Finally, we will also assume that the AI does not possess the ability to manually rewire the human brain to change what a human values. In other words, the ability for the AI to manipulate another person's values is limited by what we as humans are capable of today. Given all this, is there any concern we should have about making this AI; would it succeed in being a friendly AI?
AAaiiiieee!
Can you please think about the emphasised phrase by yourself for 5 minutes (as measured by a physical clock)?
That was approximately my reaction. Considering how easy it is to influence humans, it would be a nontrivial task to avoid unintentionally changing those values. I suspect that a significantly subhuman AI could change human values. One might argue that by increasing and redistributing wealth and improving medical care, our expert systems today are changing human value unintentionally. Google ads, which are automated and "learn" what the user likes, are specifically tailored to influence us, and do a remarkable job considering the relative simplicity of the algorithms used.

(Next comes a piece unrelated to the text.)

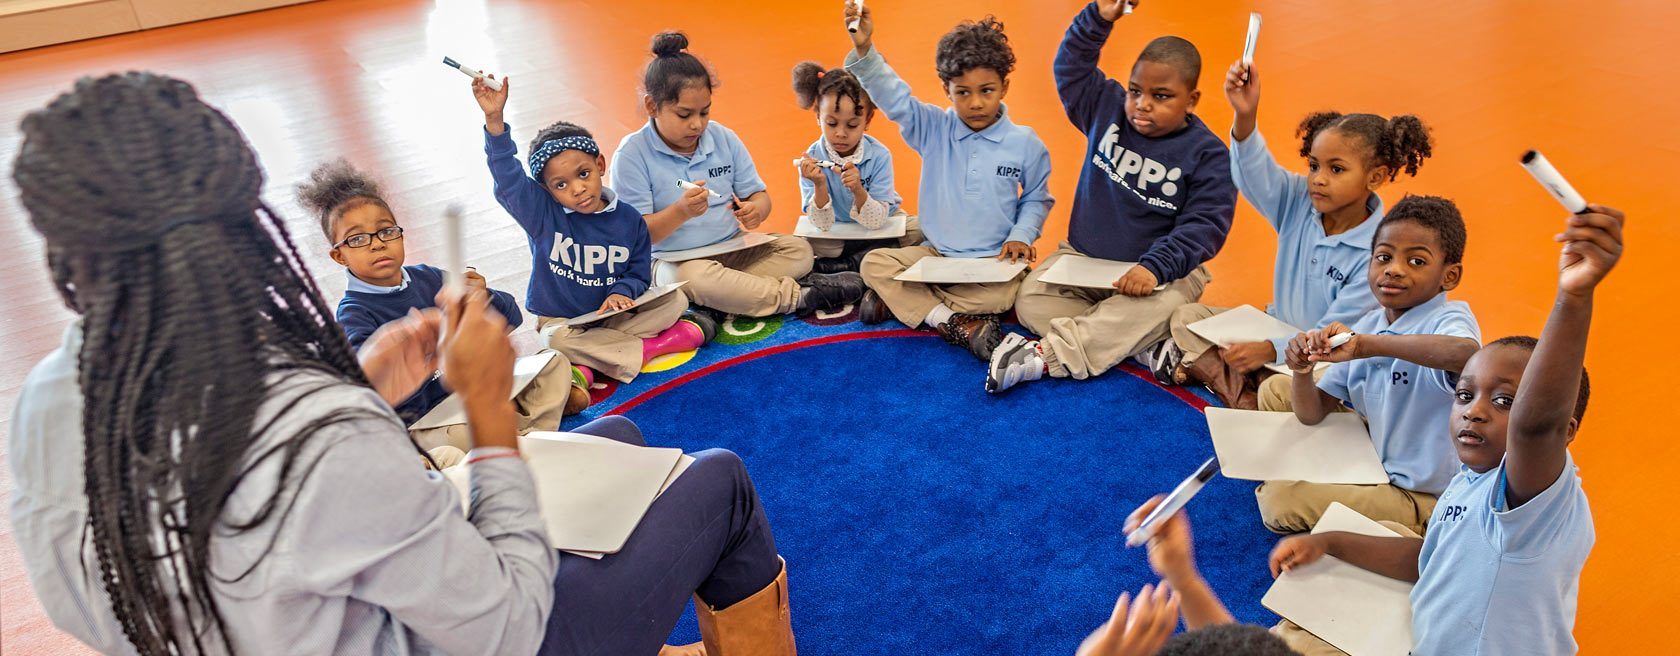 KIPP Classroom
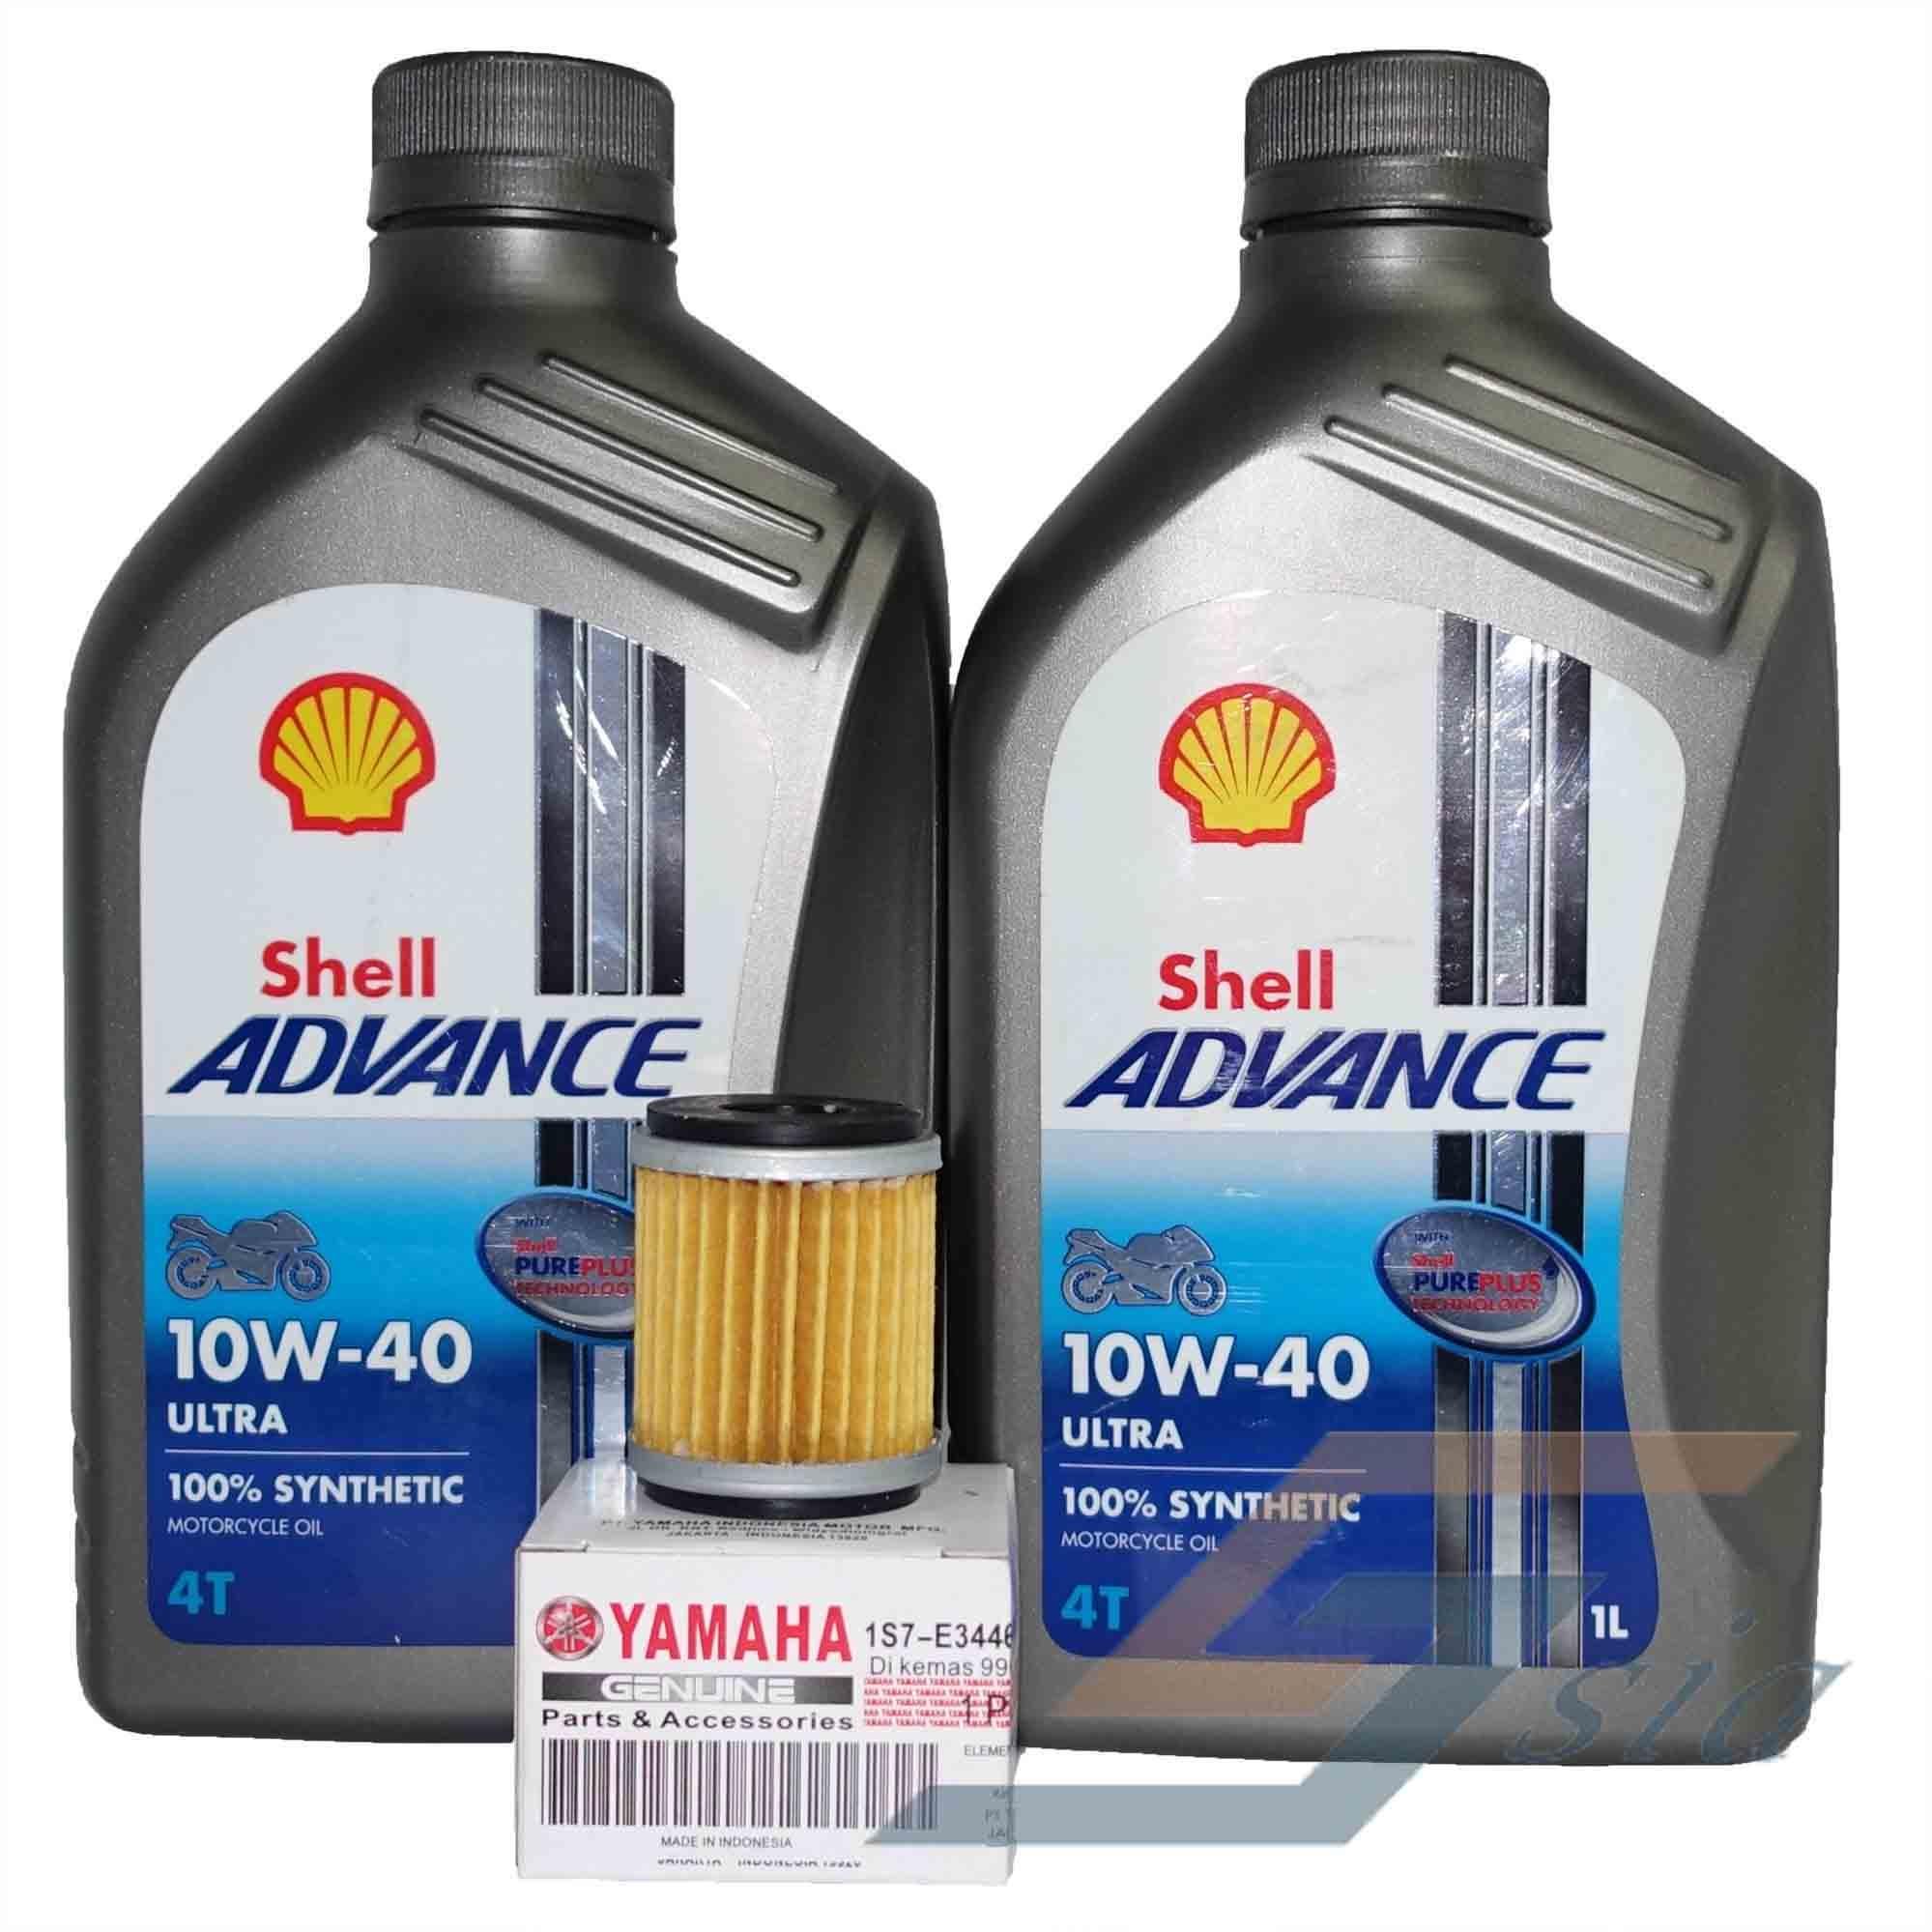 Yamaha Oil Price Harga In Malaysia Lelong Yamalube Sport Motor Shell Advance Ultra 10w 40 Engine 1 Litre X2

I put "trivial" in quotes because there are obviously some exceptionally large technical achievements that would still need to occur to get here, but suppose we had an AI with a utilitarian utility function of maximizing subjective human well-being (meaning, well-being is not something as simple as physical sensation of "pleasure" and depends on the mental facts of each person) and let us also assume the AI can model this "well" (lets say at least as well as the best of us can deduce the values of another person for their well-being). Finally, we will also assume that the AI does not possess the ability to manually rewire the human brain to change what a human values. In other words, the ability for the AI to manipulate another person's values is limited by what we as humans are capable of today. Given all this, is there any concern we should have about making this AI; would it succeed in being a friendly AI?
One argument I can imagine for why this fails friendly AI is the AI would wire people up to virtual reality machines. However, I don't think that works very well, because a person (except Cypher from the Matrix) wouldn't appreciate being wired into a virtual reality machine and having their autonomy forcefully removed. This means the action does not succeed in maximizing their well-being.
But I am curious to hear what arguments exist for why such an AI might still fail as a friendly AI.